Saturday, April 6, 2013

UMHS Drug Information

Posted by Kristen Gardner at Saturday, April 06, 2013

I completed my drug information rotation at UMHS with Dr. Abraham Bazzi as my preceptor of record (BTW He is awesome!). 

This rotation was really fun! The environment was more relaxed with an energetic primary preceptor and very knowledge and well-respected secondary preceptors.

The drug information service is a student run service with 2 students at the site per rotation block. You split the phone shift (9am-4pm) between the two of you such that one student answers the phone from 9am-12:30pm and the second student fields requests from 12:30pm-4pm. When the resident is on site, you run the question and response by the resident and only go to the preceptor as needed. When the resident is not there you will run the question/response by the preceptor of the day (the staff rotate this role through the rotation).

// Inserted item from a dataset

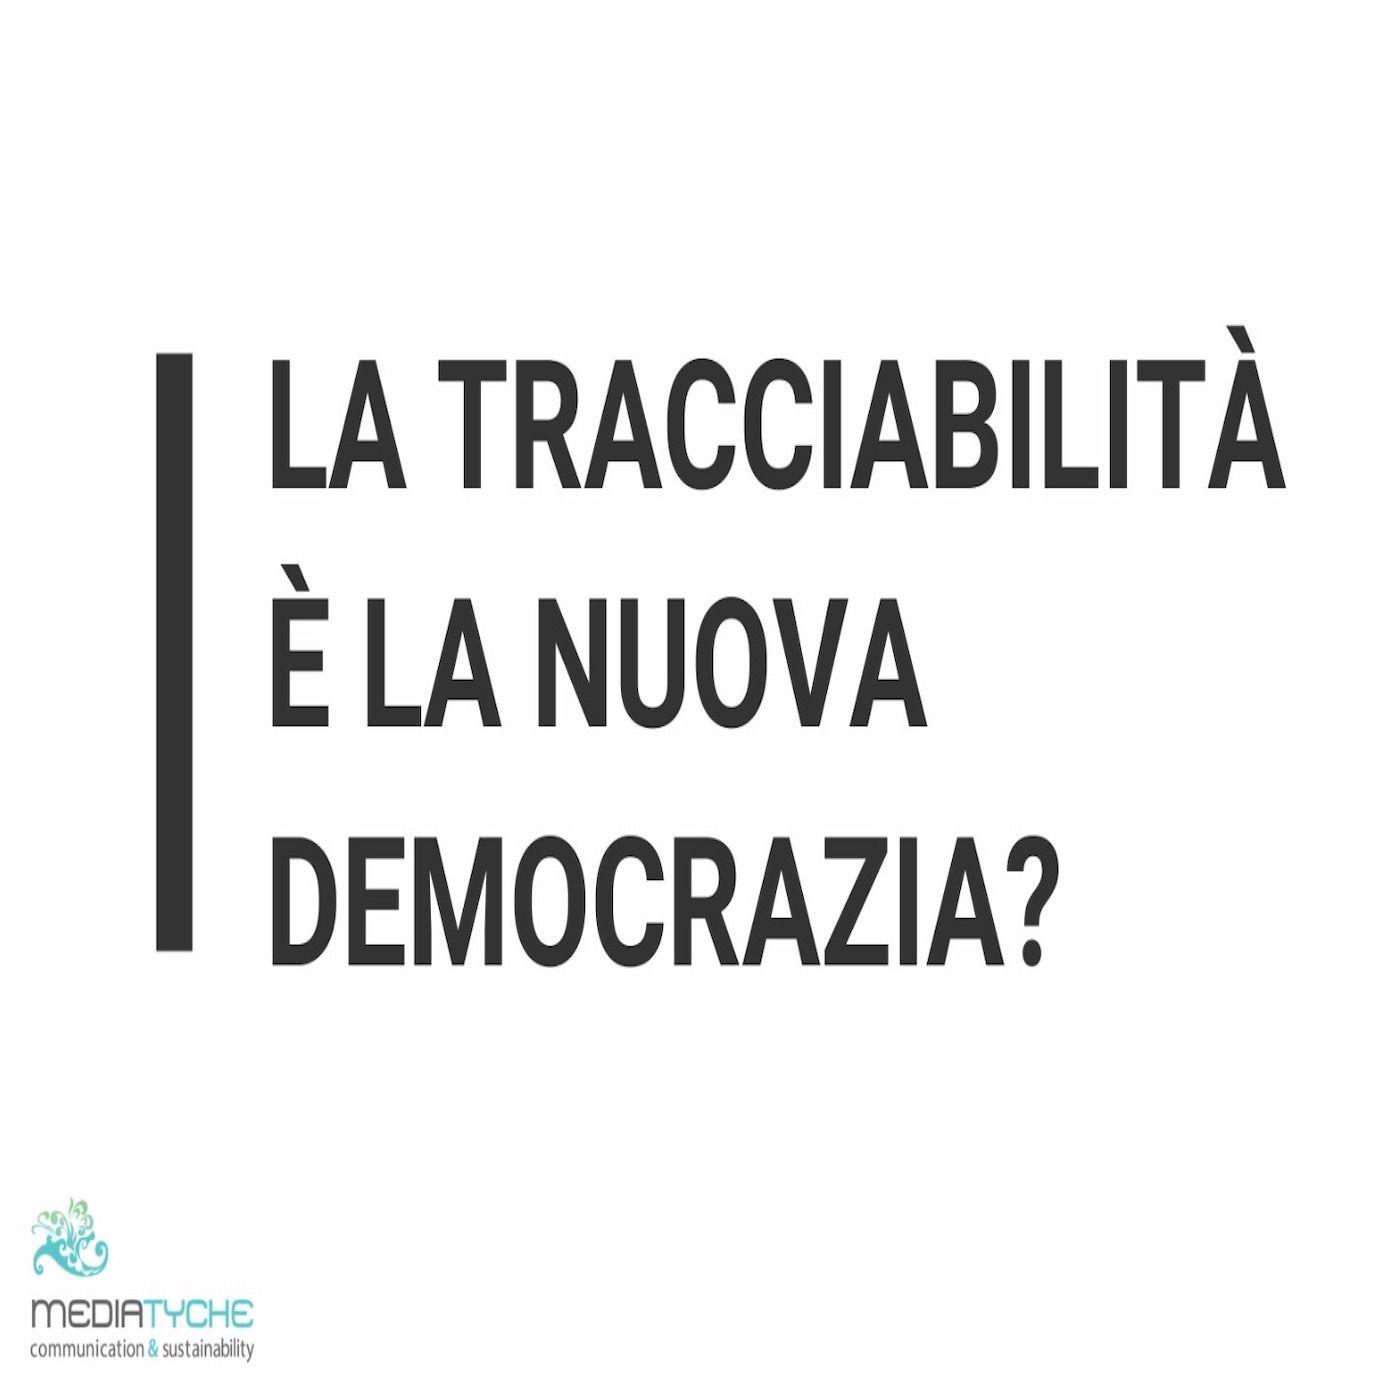 7- La tracciabilità è la nuova democrazia?

  • Complete a pharmacy & therapeutics (P&T) manuscript (my topic= antithrombin III)
  • Complete an external review of a compounding pharmacy
  • Answer drug information requests by phone, page, and email
  • Prepare an article for the UM Newsletter (my topic= tolvaptan associated liver enzyme elevations)
  • Complete 2 medwatch reports
  • Attend meetings with the preceptors (drug shortage conference calls, pre P&T meeting, P&T meeting, product vendor selection committee meeting, etc.)
  • Attend (per availability) the resident research proposals, final report, and CE sessions at the hospital

I like this rotation because you get to know the residents more and interact with all the preceptors. Each of them approach things differently and it is great to gain this perspective. They are all very friendly and knowledgeable.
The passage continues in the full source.